So, how to detect if there’s data cached for the queried stock? I need to somehow keep the timestamp of the last data query together with the data themselves. One way to do so is to detect the cache file modification time. Another, to embed the timestamp in the filename itself. So, possible filenames would be:

  • SYMBOL_cached.json
  • SYMBOL_TIMESTAMP.json

In both cases, the code will need to look if a file that matches the specified symbol exists. But there are some differences in the two approaches. Let’s put them in a table for comparison:

MetricSYMBOL_cached.jsonSYMBOL_TIMESTAMP.json
Find the cached fileEasy, direct match with symbol nameMore complicated, must pattern match and find the latest file
Find if it has expiredFind the file modification timeExtract timestamp from filename
Files neededOne per symbol, overwrite each timeOne per symbol, but a new one is created each time new data is read from the API
MaintenanceMay need to recycle old files to keep storage low
OtherGetting file modification time might be environment-dependentGet historical data for free, if all cached files are kept

The SYMBOL_cached.json option seems to be the simplest one, as long as it proves easy to find the file modification time, both locally and in Azure.

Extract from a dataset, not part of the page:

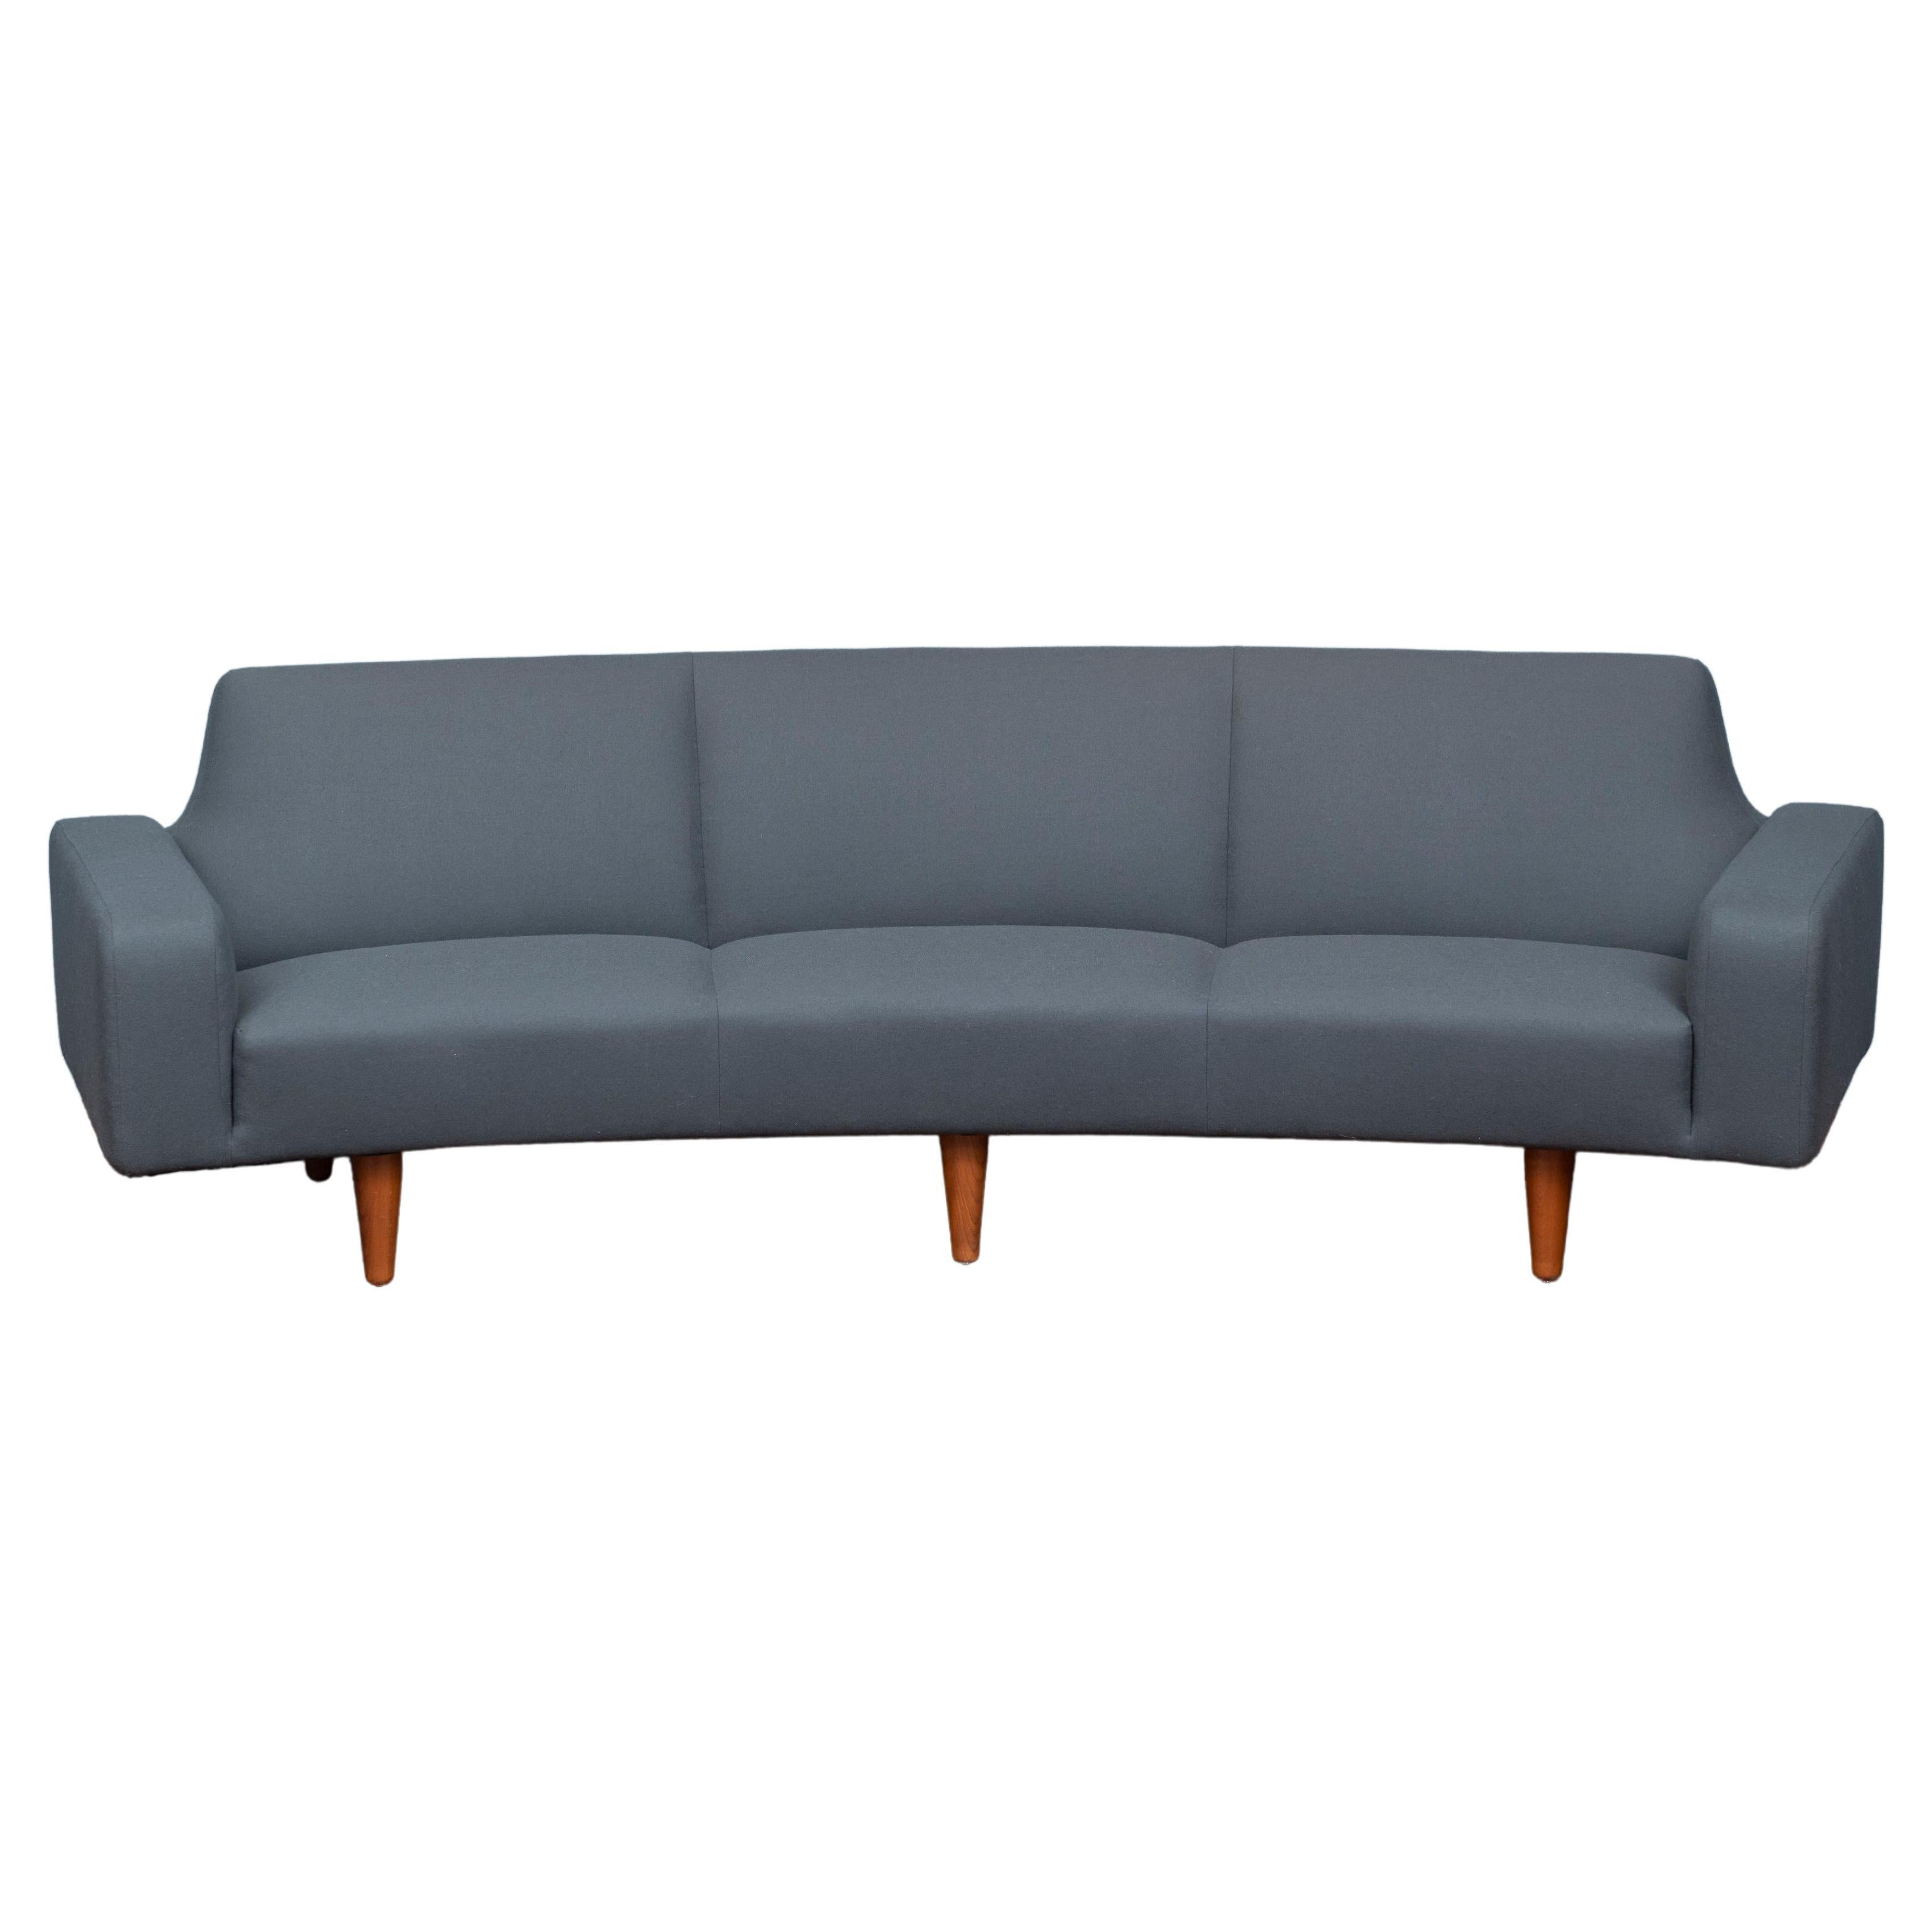 Illum Wikkelso Curved Sofa Model 450 For Sale at 1stDibs
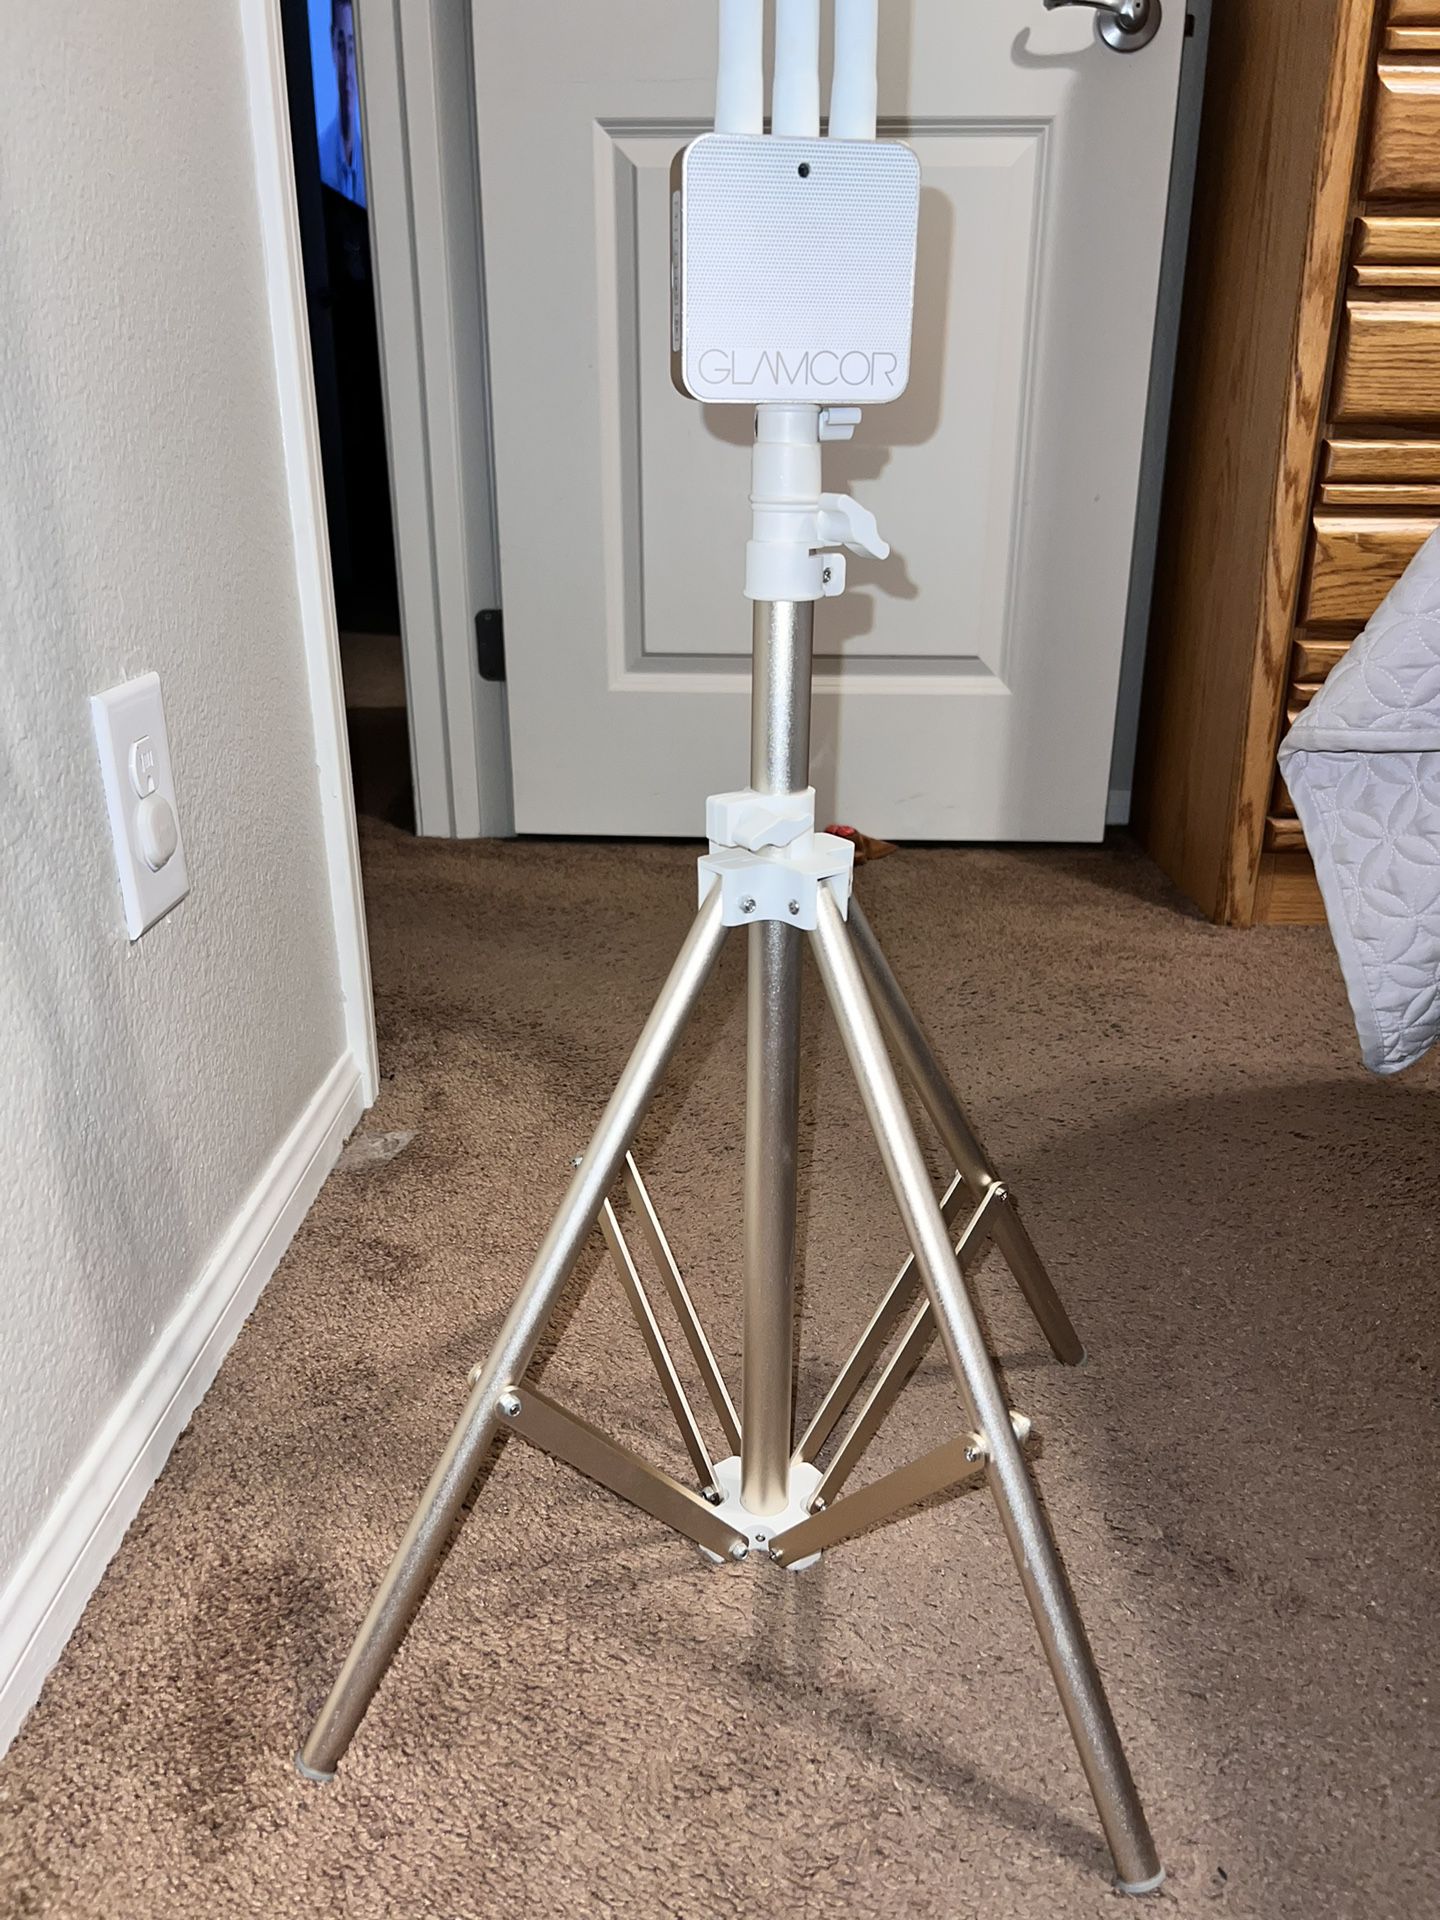 GLAMCOR lights With Tripod Stand

The SYMBOL_TIMESTAMP.json option bypasses the need to detect the file modification time, but adds an overhead: dealing with the multiple cache files that will be created.

I’d rather use the simplest option, so I’ll start with that and see how it goes. I don’t need any historical data or to deal with managing the cache size right now.

Test cases for caching functionality

I will need to write some tests for the new functionality. I consider the following use cases:

  • cache_exists_and_current: lookup for a symbol, cache file exists and is not expired
  • cache_exists_and_expired: lookup for a symbol, cache file exists but expired
  • cache_missing_and_created : lookup for a symbol, cache does not exist, it is created after looking up current data

I will create a test for each case. Like I noted before, test data will be fixed, no API will be actually queried.

Disclaimer: There are many aspects to code testing and as more functionality and external dependencies are added to an application, things can get really complicated (and there are tools and techniques to deal with it, e.g. mocking which would become very handy in dealing with a public API). I will not focus on extensive or efficient testing here, I’m just stressing the need to write tests, and trying to show the benefits of Test Driven Development by touching on first principles and writing rudimentary tests. I will probably have to revisit the matter on subsequent labs though.

A deviation worth taking

As I start thinking about how to implement the test cases, I notice several things:

  1. The new tests have “state”, meaning that they expect some files to exist when they run and also modify/add files themselves. So, I need to write some code that will prepare the test environment by creating the necessary cache files (cleaning up leftovers from previous tests as well) to make sure that tests are repeatable and have the same results whenever they run.
  2. The caching mechanism looks like an added capability that I might like to turn on and off without changing the interface presented by my stock “library”. The code behavior will change depending on this mode and some tunable parameters (like the cache expiration time) will be needed.
  3. The code to read stock data from a cache file will probably be very similar to the code that I already wrote to read sample stock data for testing.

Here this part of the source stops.